Upconverting DVD Players - HDMI DVD Recorders

While prices on HDTV sets are coming down, HD-DVD players and Blu-ray DVD players are just hitting the market with price tags of $500-$1,800. At the lower figure, that is more than what a top of the range DVD recorder would cost. The higher figure is ten times the price of a quality DVD player.

At those prices, many consumers will wait the two years or more for the initial bugs to get worked out and prices to reach more common levels. If you are one of those, you can still get a great picture on your HDTV from a quality DVD player or DVD Recorder.

DVD recorders all record in 480i, for backwards compatibility with older discs and TVs. That means they all record at the level of resolution of standard TV, with 480 lines of resolution, interlaced. Then the signal is converted from digital to analog, if the TV display is an analog type.

Interlacing is a technique in which the image is formed by 'painting' the screen in two passes, even lines in one pass, odd the next. Progressive scan DVD players, which all good ones are these days, 'de-interlace' the picture before sending it to the display, if the TV can display a progressive scan picture. Traditionally, interlacing is performed by the TV circuitry.

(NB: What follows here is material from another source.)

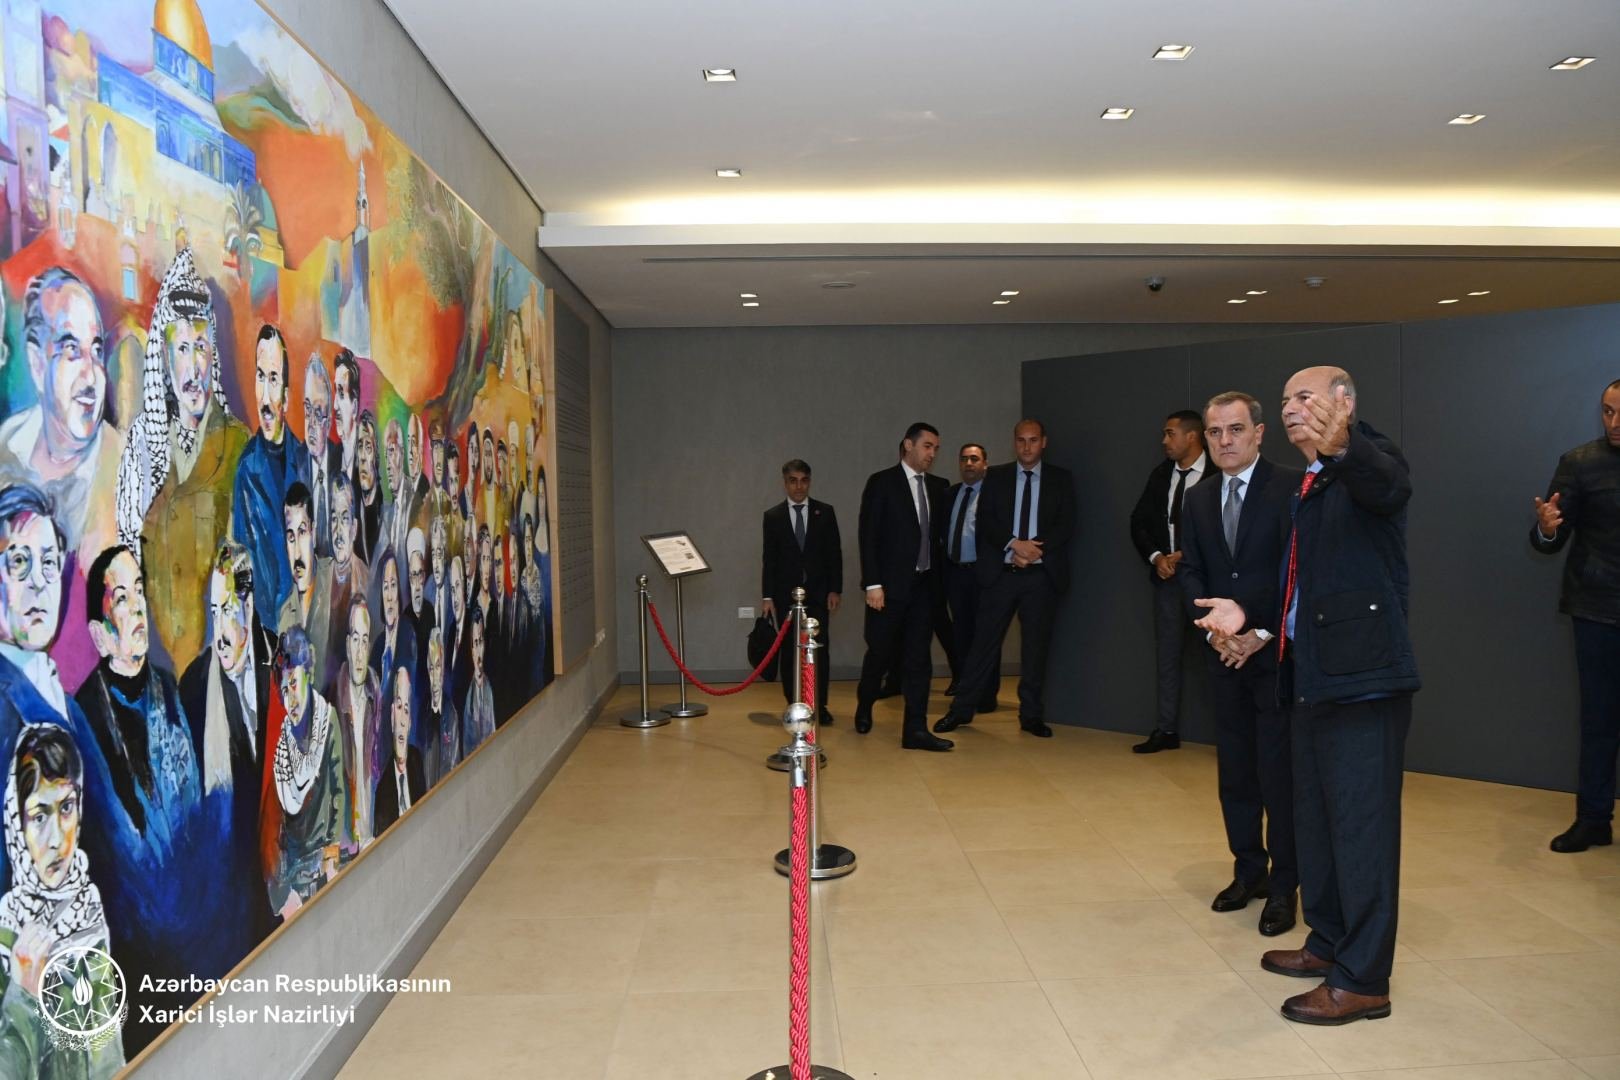 Azerbaijani FM visits Yasser Arafat's house-museum

When connected to an HDTV the DVD player and TV system has additional conversion to do. By definition, HDTV offers more than 480i resolution. 480p is an interim standard, sometimes called Enhanced Definition Television or EDTV. HDTV native resolutions vary. Some are 720p, some 1080i, some newer ones even offer 1080p.

Upconverting DVD Players

Whenever the source is one resolution, say 480p, and the display is another, more conversion has to take place. The system converts the 480 signal into either 720p or 1080i for display. How well that conversion, called upscaling or upconverting, is done plays a large role in the ultimate picture quality, no matter the contrast ratio and other specs.

Quality DVD players and/or recorders do a good job of producing a great picture even with all the conversion going on behind the scenes. Here are some units that offer that, plus some really useful additional features.

HDMI DVD Recorders

The Panasonic DMR-EH75 offers a DVD recorder that can use a single layer DVD-R or DVD-RAM disc to hold up to 8 hours of video.

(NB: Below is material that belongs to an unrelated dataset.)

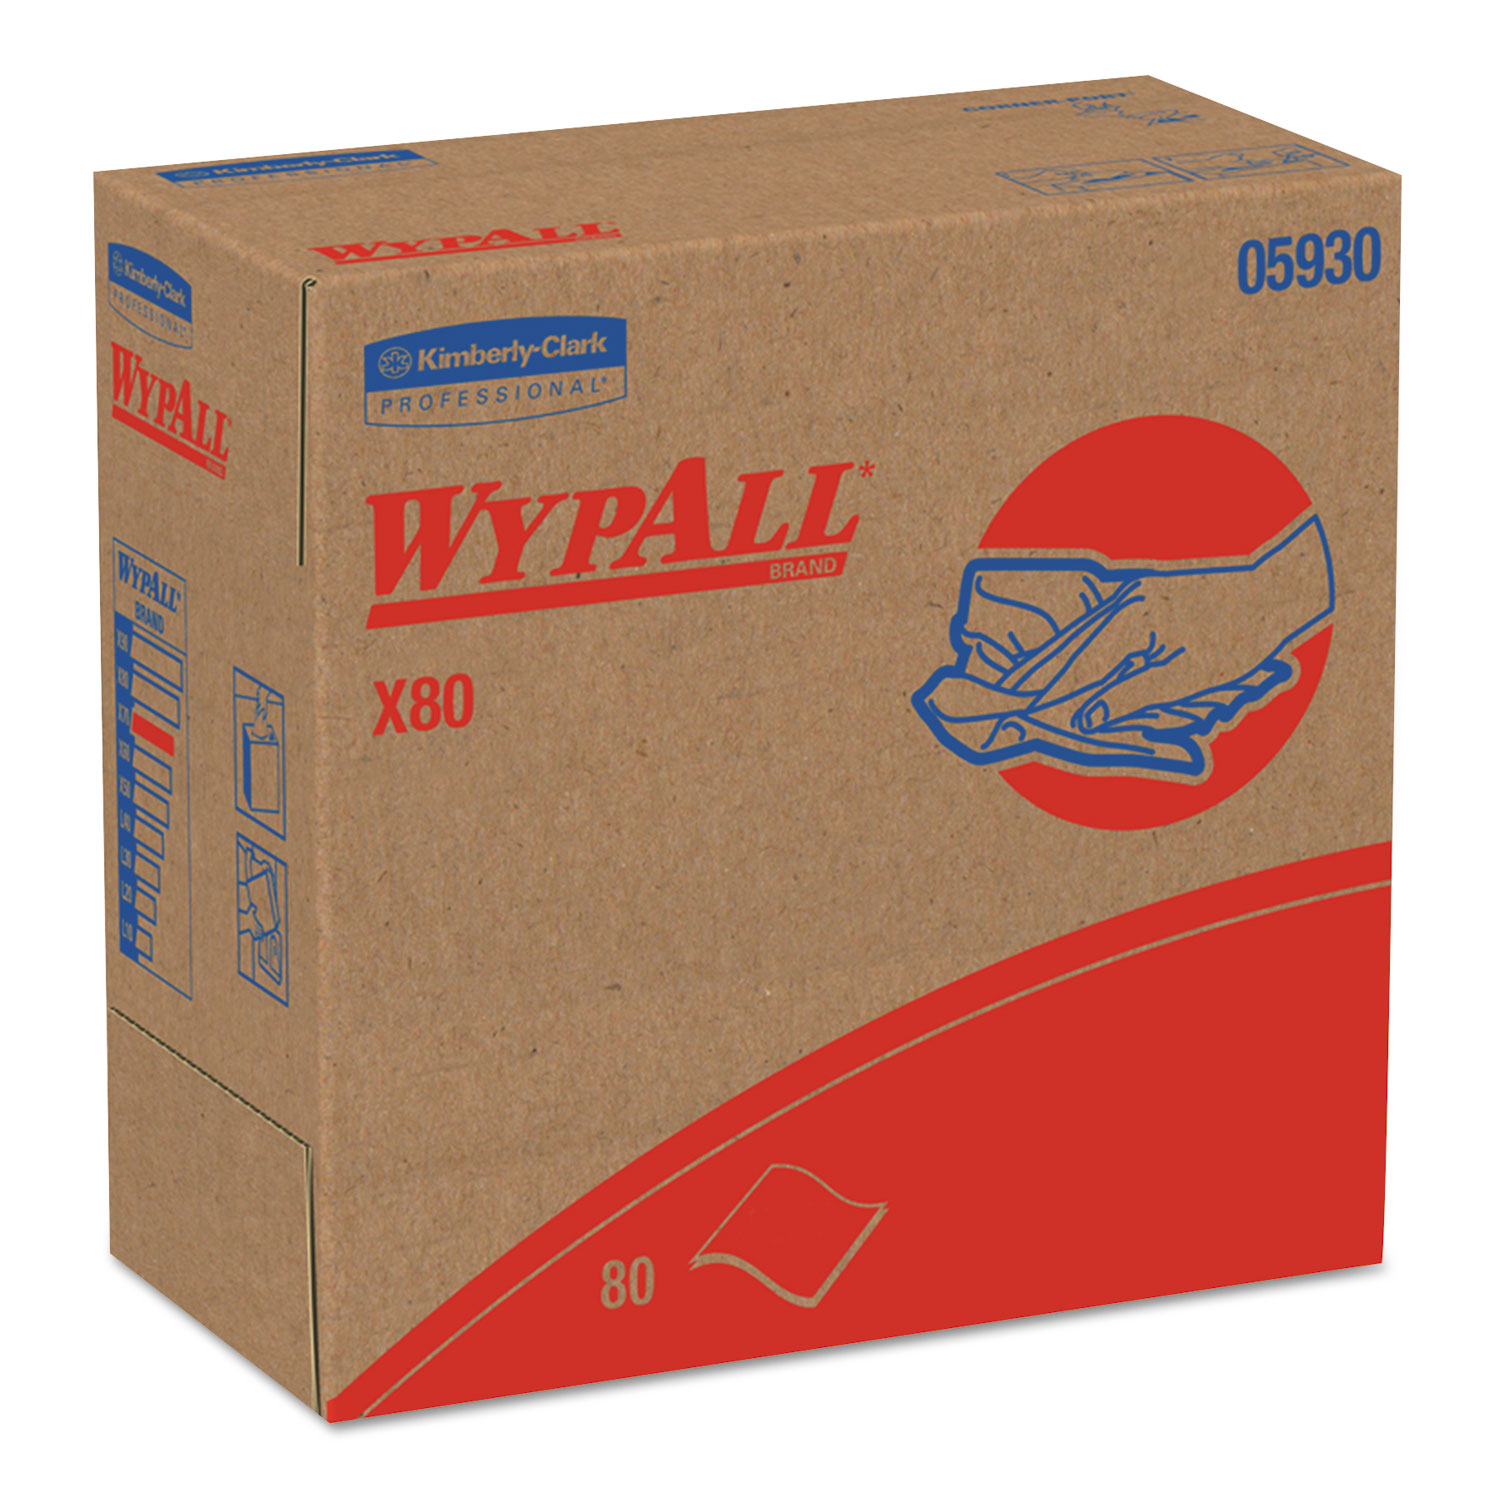  WypAll 05930 X80 Cloths with HYDROKNIT, 9.1 x 16.8, Red, Pop-Up Box, 80/Box, 5 Box/Carton (KCC05930)

It also houses an 80GB hard drive to record, time shift and play back material. That material can be from DVD for non-copyright blocked sources or directly from broadcasts. Depending on recording/playback quality, the hard drive can hold up to 142 hours of programming.

It provides a High Definition Multimedia Interface or HDMI interface for getting the maximum quality image out to the TV set. Price is currently in the $440 range for a unit that will display an excellent quality image on a good HDTV set.

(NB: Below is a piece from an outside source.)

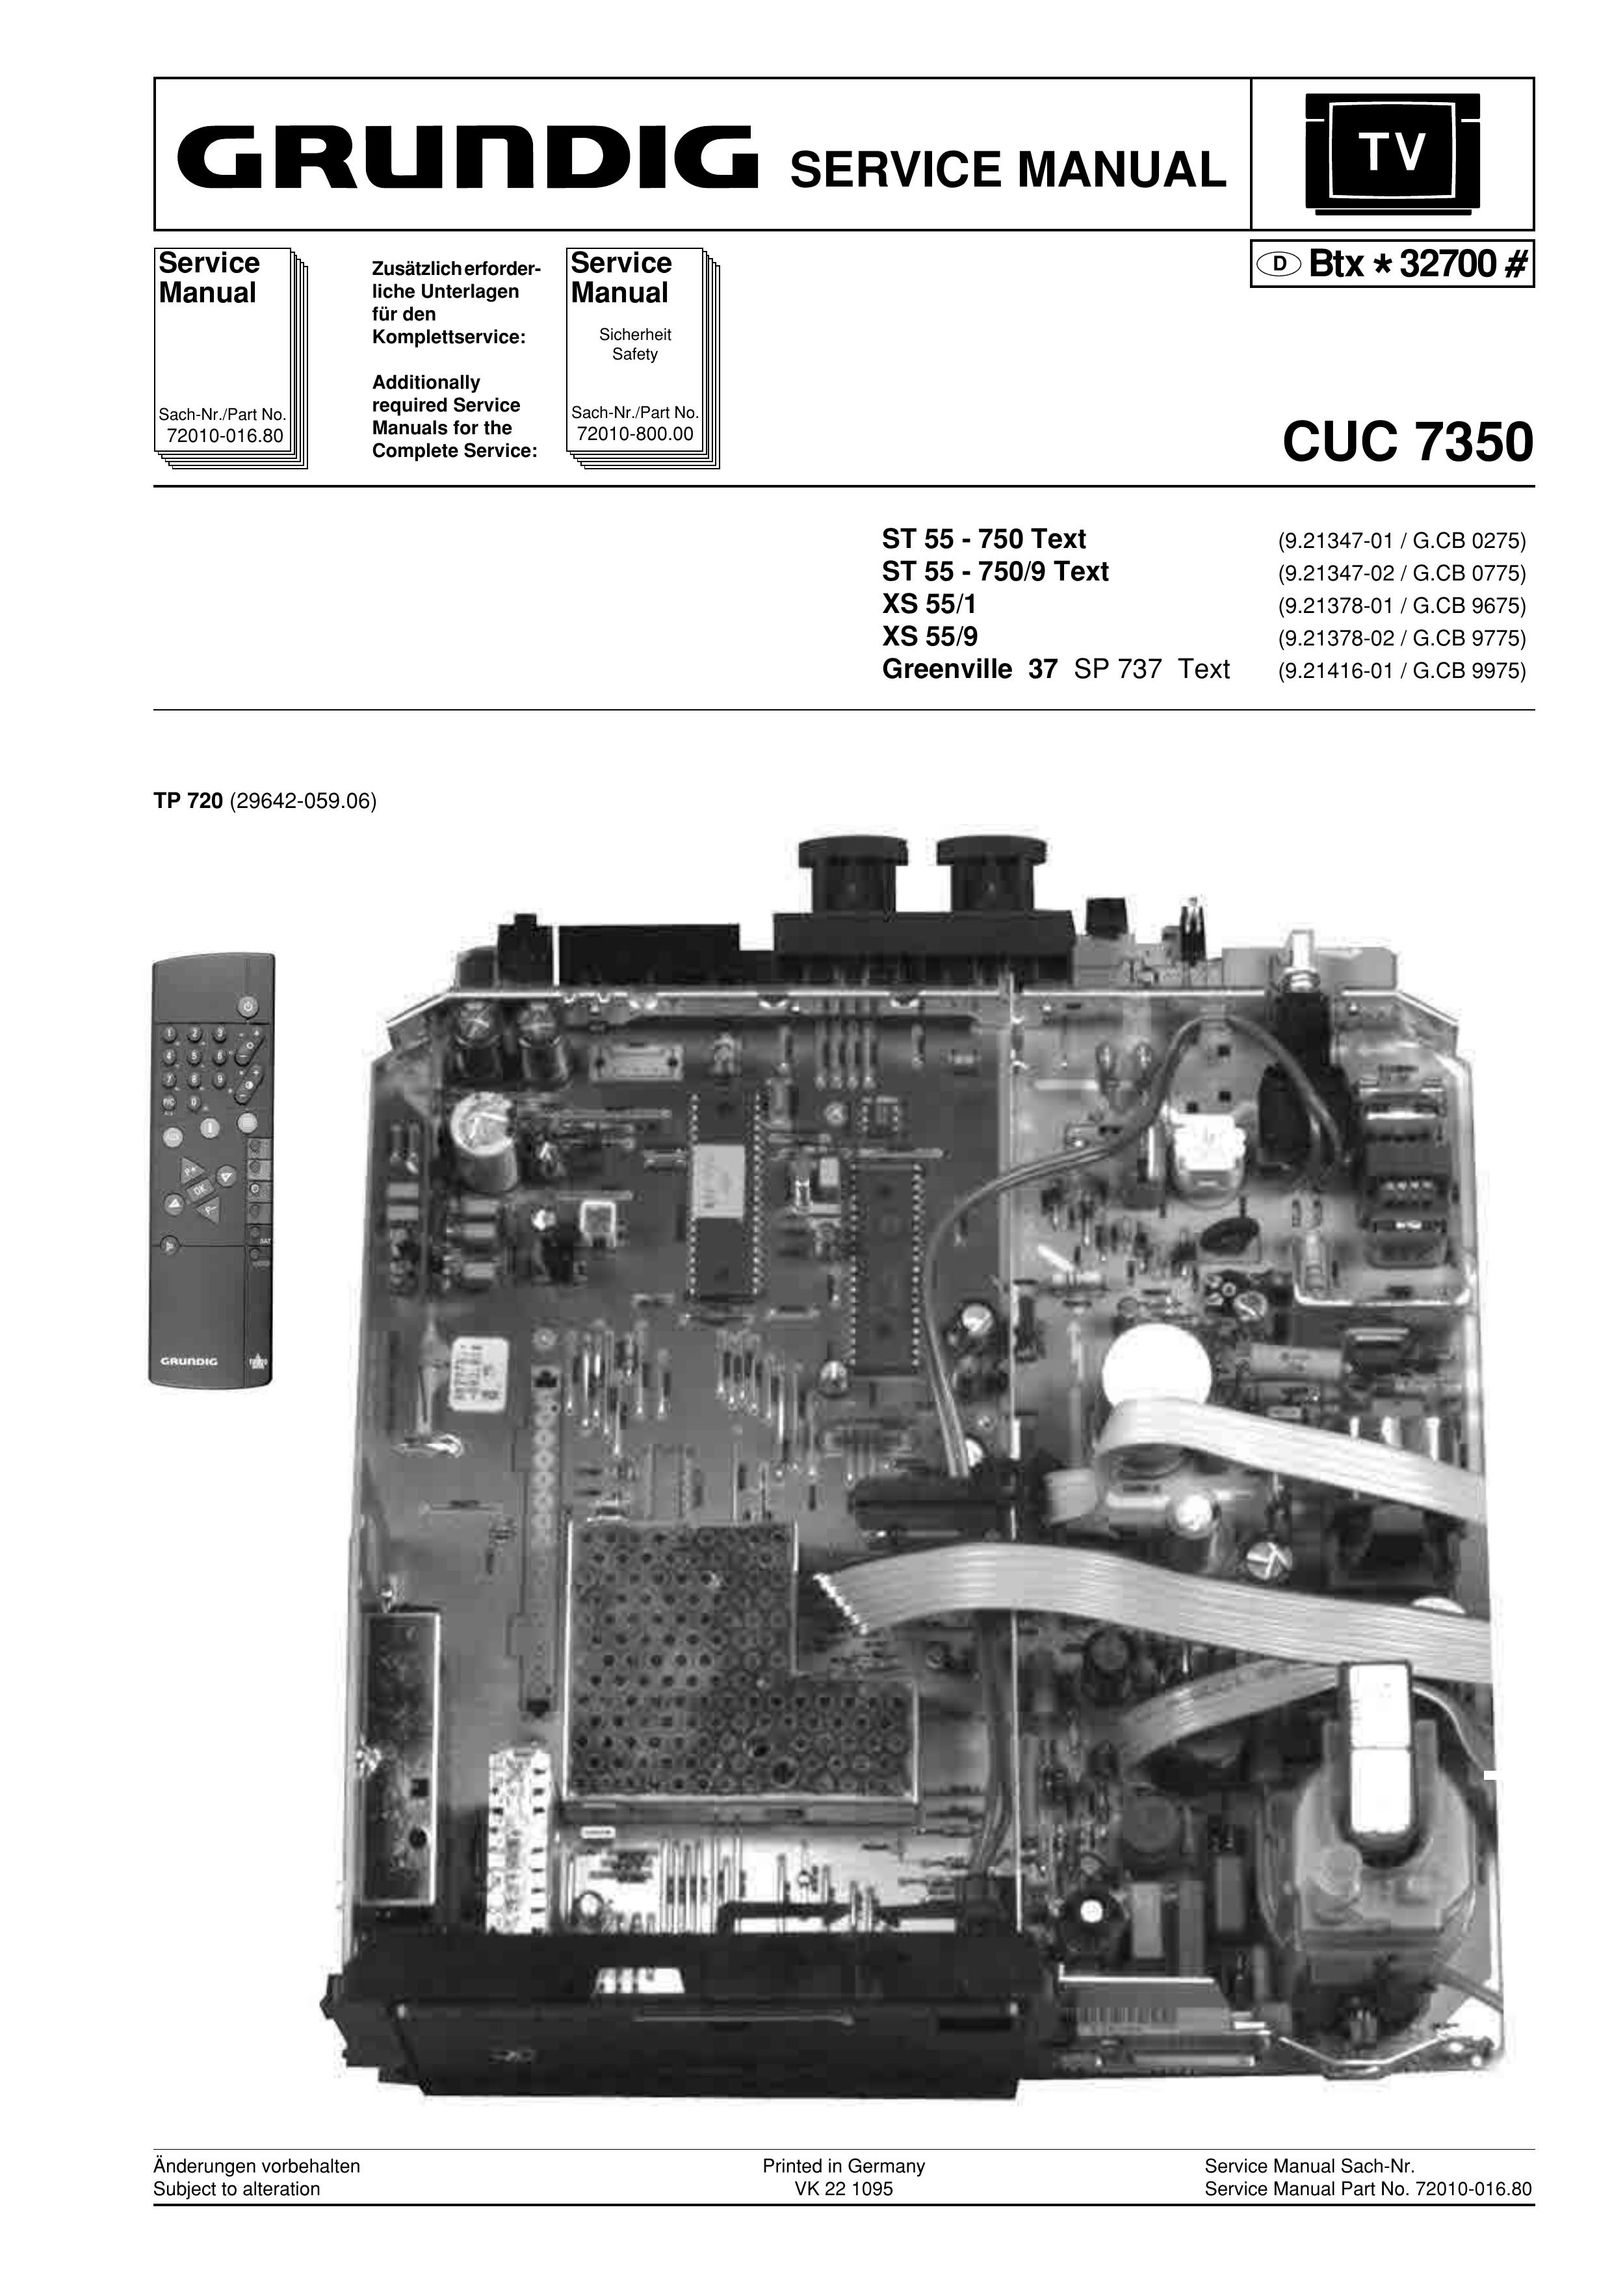 Grundig ST 55 - 750 Network Card User Manual

For the really space hungry crowd, Toshiba offers their RD-XS52 DVD recorder, with 160GB hard drive that will hold up to 200 hours of video. Panasonic had larger units, from 120GB up to 400GB with an Ethernet connector. They may still be available from some merchants.

As with most Toshiba products, the quality is great and the price is stellar at around $350. But, for those less interested in recording than in the best possible playback, there's the new HD-A1. Retailing for around $500, it offers full high definition output at 1080i.